**COLLECTED MATERIAL:**
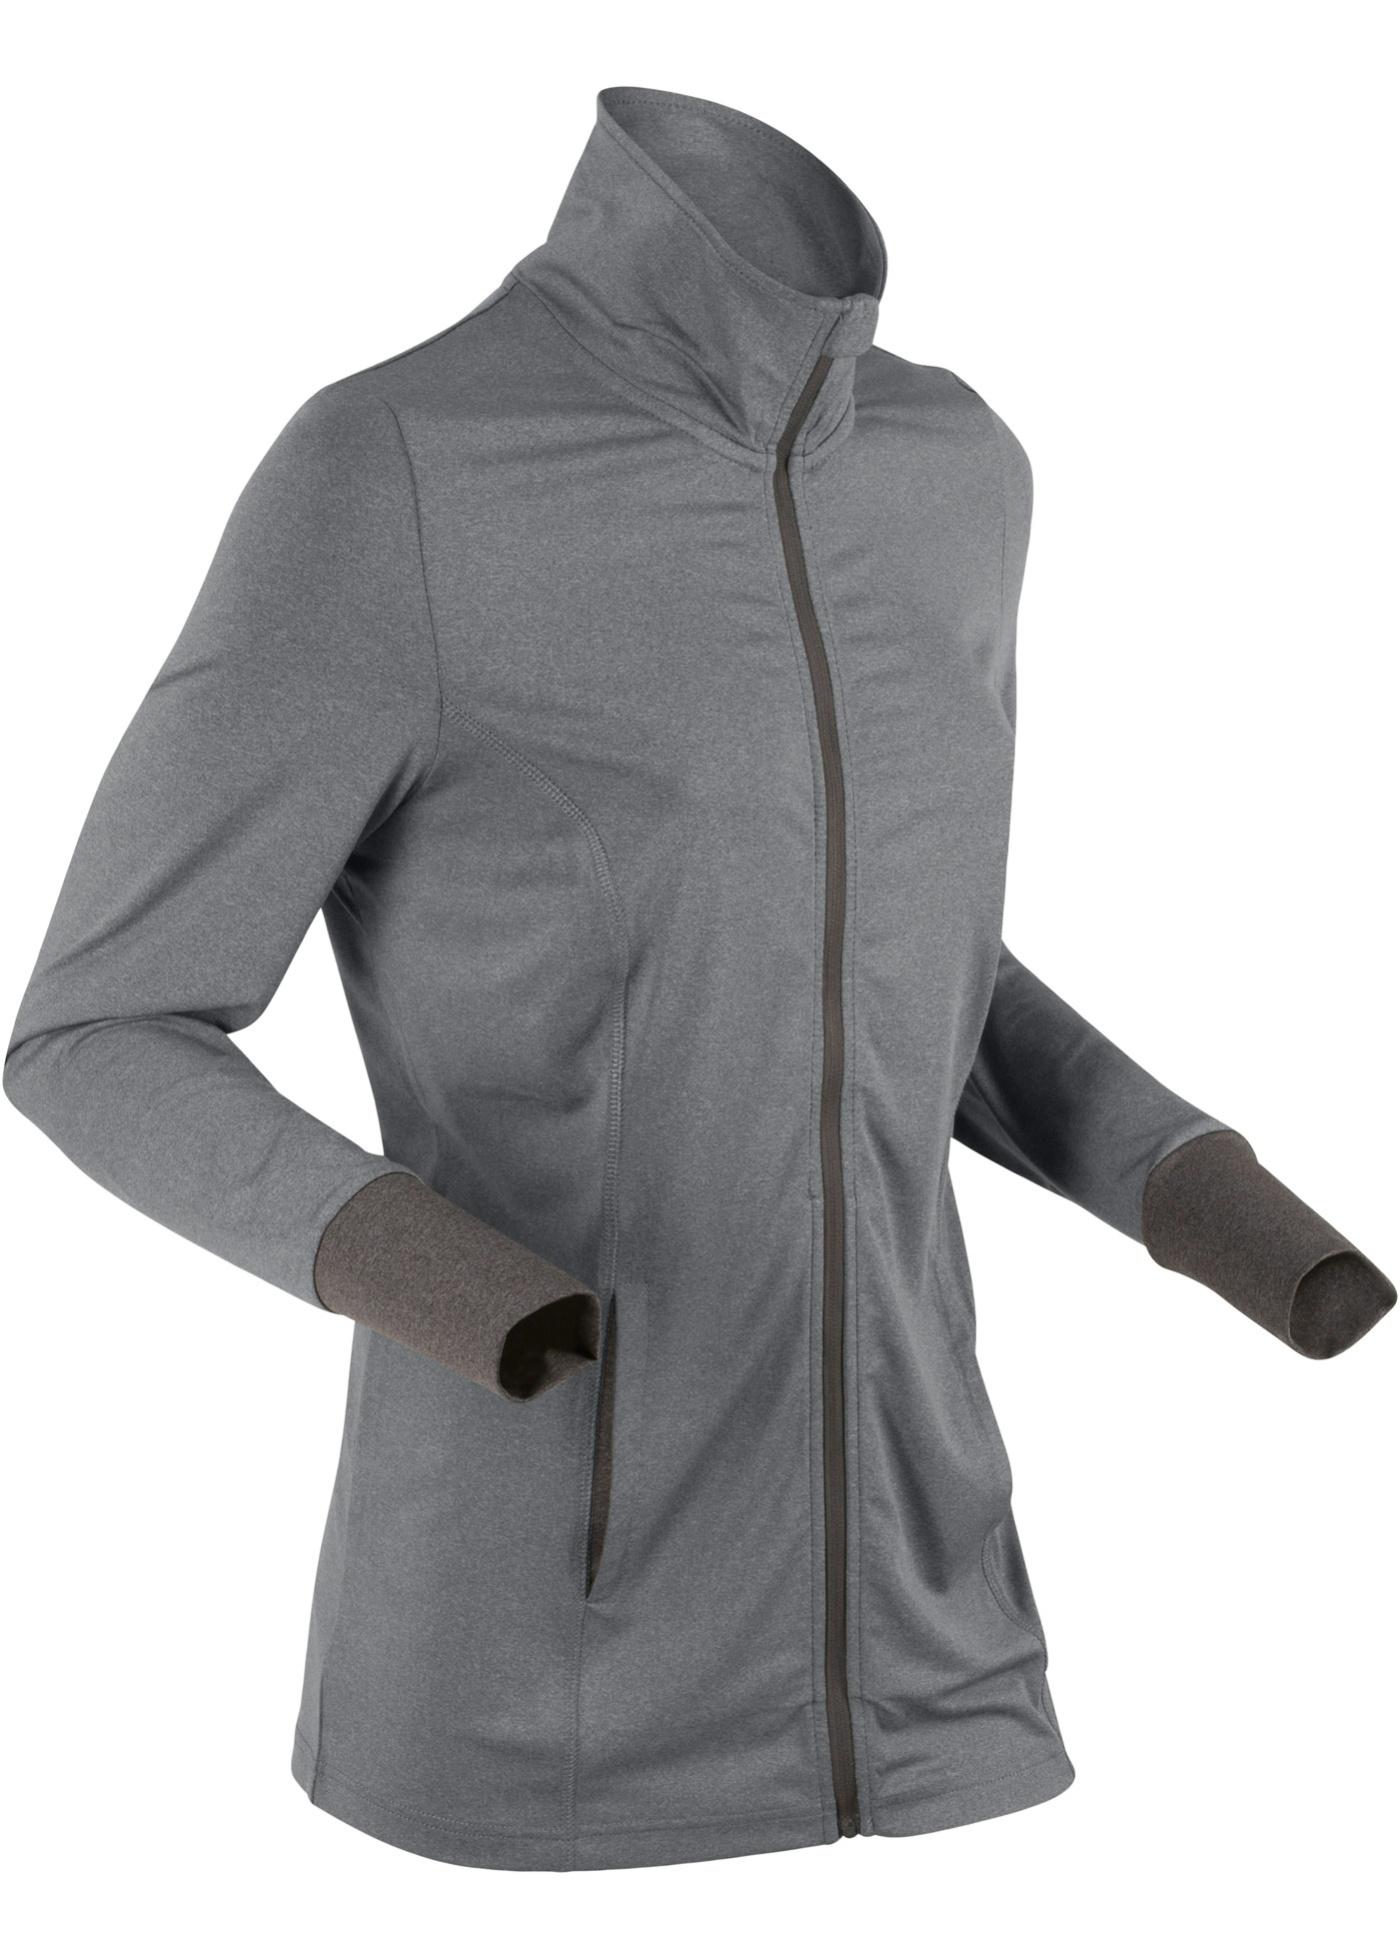 Giacca sportiva in jersey (Grigio) - bpc bonprix collection
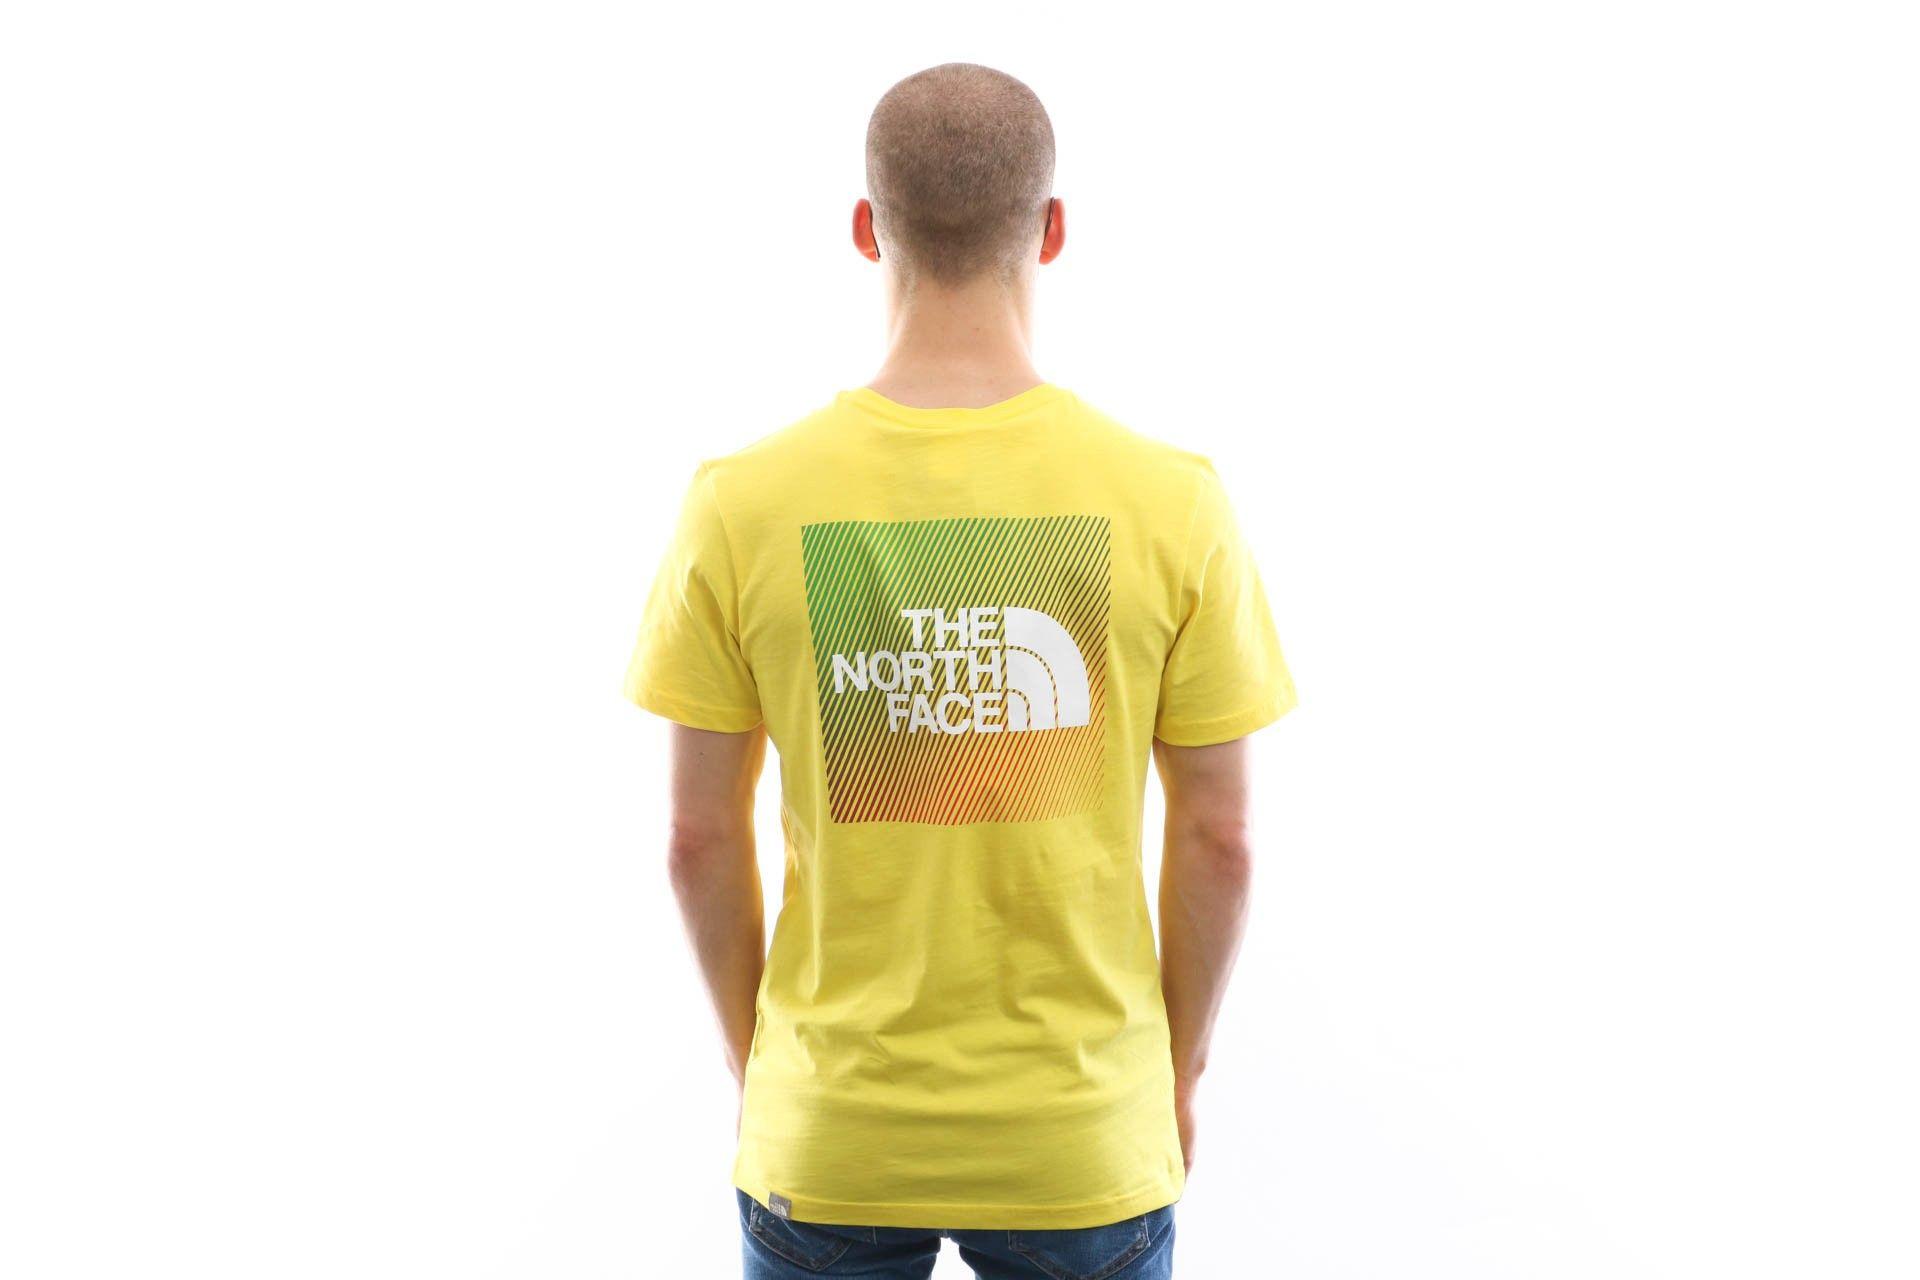 Afbeelding van The North Face T-shirt Men'S Ss Rnbw Tnf Lemon/Tnf White NF0A4M6PP76
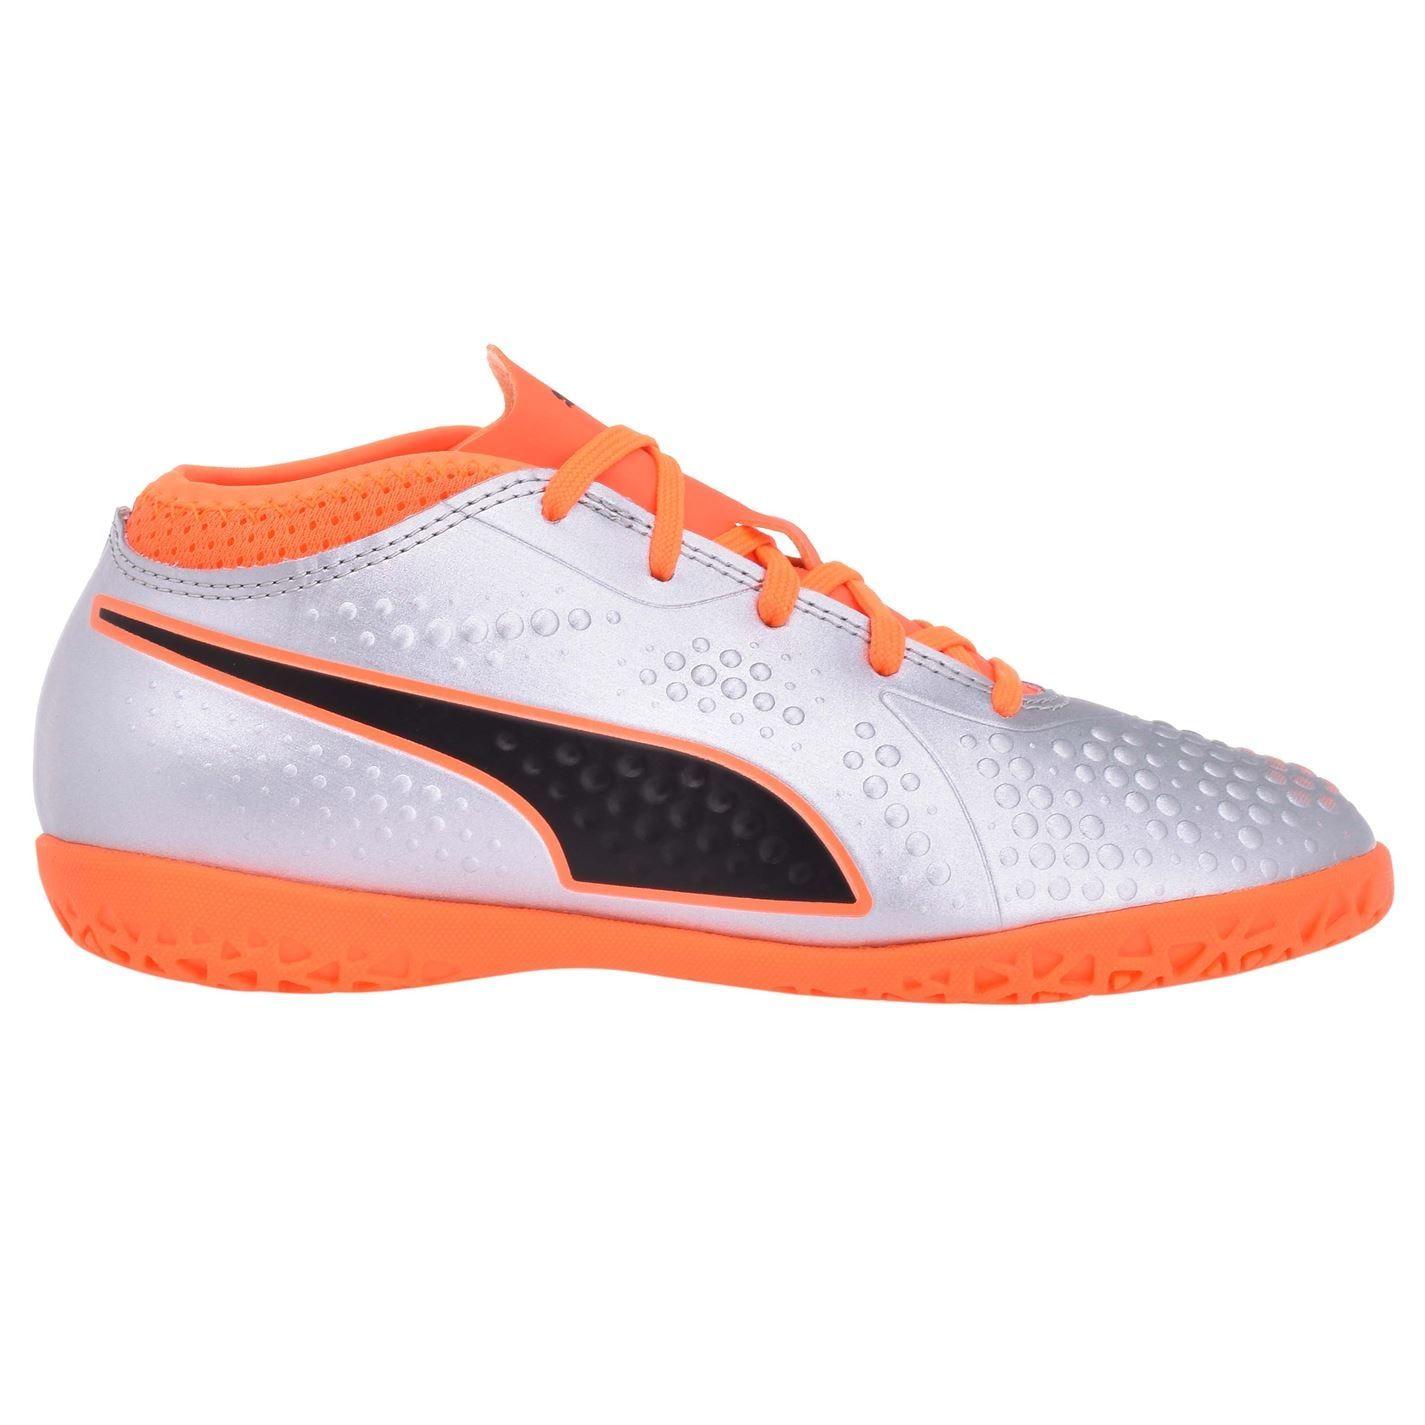 heroína brumoso Desafío  Puma ONE 4 Juniors Indoor Futsal Football Boots Boys Silver/Orange Soccer |  eBay

**WORK ITEM:** Write out, please, the lines of the listing above from the one with "Afbeelding van The" through the very last, exactly as given and with no pictures.

**YOUR SOLUTION:**
 Afbeelding van The North Face T-shirt Men'S Ss Rnbw Tnf Lemon/Tnf White NF0A4M6PP76
 heroína brumoso Desafío  Puma ONE 4 Juniors Indoor Futsal Football Boots Boys Silver/Orange Soccer |  eBay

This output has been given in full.